Edel Moraes lives in the São João Agroextractive Settlement, on Marajó Island (Pará, Brazil). She is an extractive leader of the National Council of Extractive Populations, acting nationally and internationally in favor of respect for traditional community rights. She completed her master’s degree at the Federal University of Brasília and is currently a member of the Cauim Research Group – Studies and Dialogical Practices in the Context of Traditional Peoples and Territories.

Monica Moraes

Monica Moraes is a Bolivian botanist with a Ph.D. from the Aarhus University, Denmark, and is currently a full-time professor and researcher at the Universidad Mayor de San Andres, working at the Herbario Nacional de Bolivia. Monica participates in several study projects focused on Bolivian tropical flora, and is a specialist in Bolivian palm trees. Monica has won the 2006 Jubilee Award from the International Foundation for Science, is a member of the Bolivian Academy of Science, and has over 100 publications, including some in the prestigious scientific journal Nature.

“It is essential to be alerted to the supreme need to preserve the Amazon under adequate systems of use and even protection.”

María Moreno de los Ríos

María Moreno de los Ríos is a Spanish-Ecuadorian environmental biologist with a MSc. in Ibero-American International Relations (with her thesis on the international protection of the Indigenous Peoples in Isolation in the Yasuní Biophere Reserve) and a MSc. in International Development Cooperation (UPV-HEGOA Institute). She has more than 15 years of experience in international development work, with emphasis on socio-environmental and gender issues. She has worked with multi- and bilateral agencies (UNDP, IUCN, AECID) and leading NGOs in South America (Fundación Pachamama). Actually, she is Hivos Senior Programme Manager for the Amazon, coordinating the All Eyes on the Amazon Programme. In IUCN she led the Amazon Green List and the IAPA project.

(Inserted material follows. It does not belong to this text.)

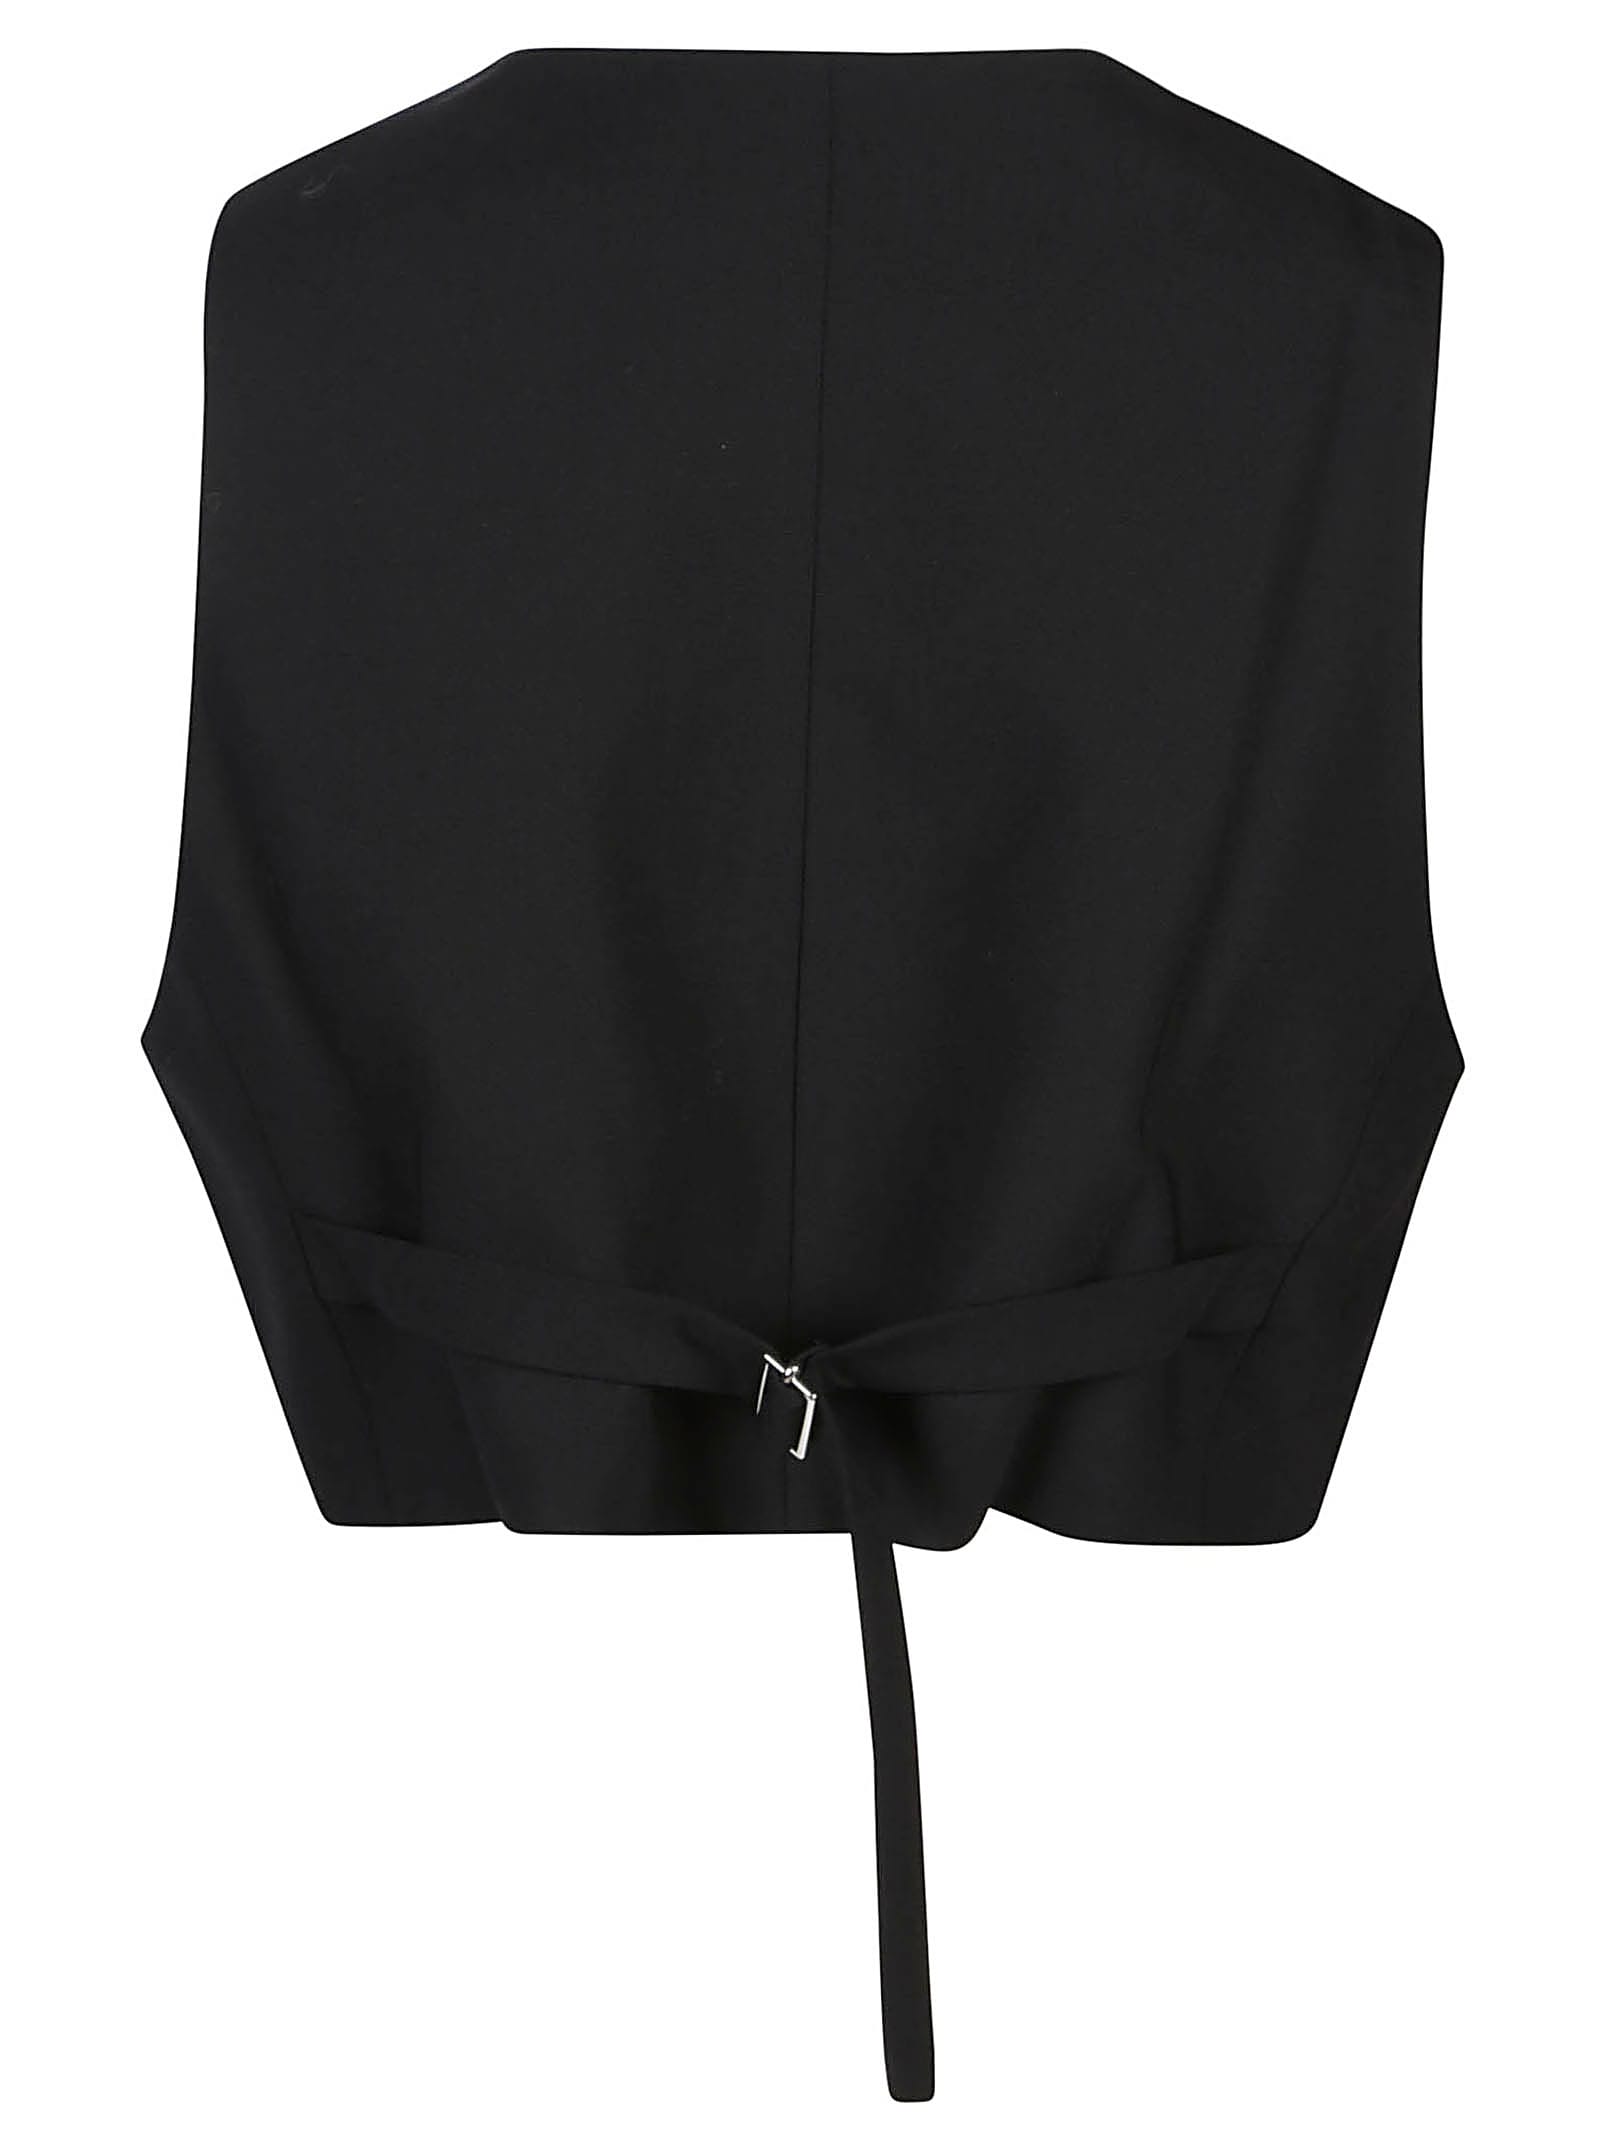 Shop The Andamane Nadine Vest In Black

María is part of the Core Group of the Network of Women in Conservation LAC, member of the Steering Committee of the Leadership Program for Women in Conservation of Colorado State University, and member of the LAC Women Major Group, expert in the IUCN CEESP, among others.

“You fall in love with the Amazon because of its nature and its people, those who struggle with so much effort to conserve natural resources, their cultures and their territories, and who are a great source of inspiration for the planet.”

Paulo Moutinho

Paulo Moutinho is a Brazilian ecologist with a Ph.D. in Ecology from the University of Campinas (UNICAMP), Brazil. He is co-founder and former Executive Director of the Instituto de Pesquisa Ambiental da Amazônia (IPAM), Brazil, where he currently works as a senior scientist. He has worked in the Amazon for 20 years, and he is co-author of the compensated reduction of deforestation, a concept that contributed to the development of the mechanism known as Reducing Emissions from Deforestation and Forest Degradation. He participated actively in the establishment of the Amazon Fund and the Brazilian National Policy for Climate Change, and served as an Adjunct Associate Scientist at The Woods Hole Research Center (WHRC).

“The Amazon is the last largest tropical forest on the planet capable of protecting innumerable vulnerable peoples, mai.ntains 20% of the planetary biodiversity and keeps the regional and global climate in balance.”

Maria Murmis

Maria R. Murmis is an Argentinean research associate at UASB Quito and an independent consultant specializing in the sustainability dimensions of international cooperation and the bio-economy. Maria holds an MSc in Energy and Resources from the University of California Berkeley. She works on the supply-side of global climate policy and alternative development paths for biodiversity hotspot countries, with a focus on Ecuador and its Amazon region.

“The Amazon the quintessential representation of the planet. Its immense biodiversity, complexity, abundance of resources and life sustaining cycles and processes, human diversity and cultural richness, beauty and substance for spirituality display in archetypical amounts all the wealth and opportunity for life and wellbeing that the Earth has to offer. What could be more important?”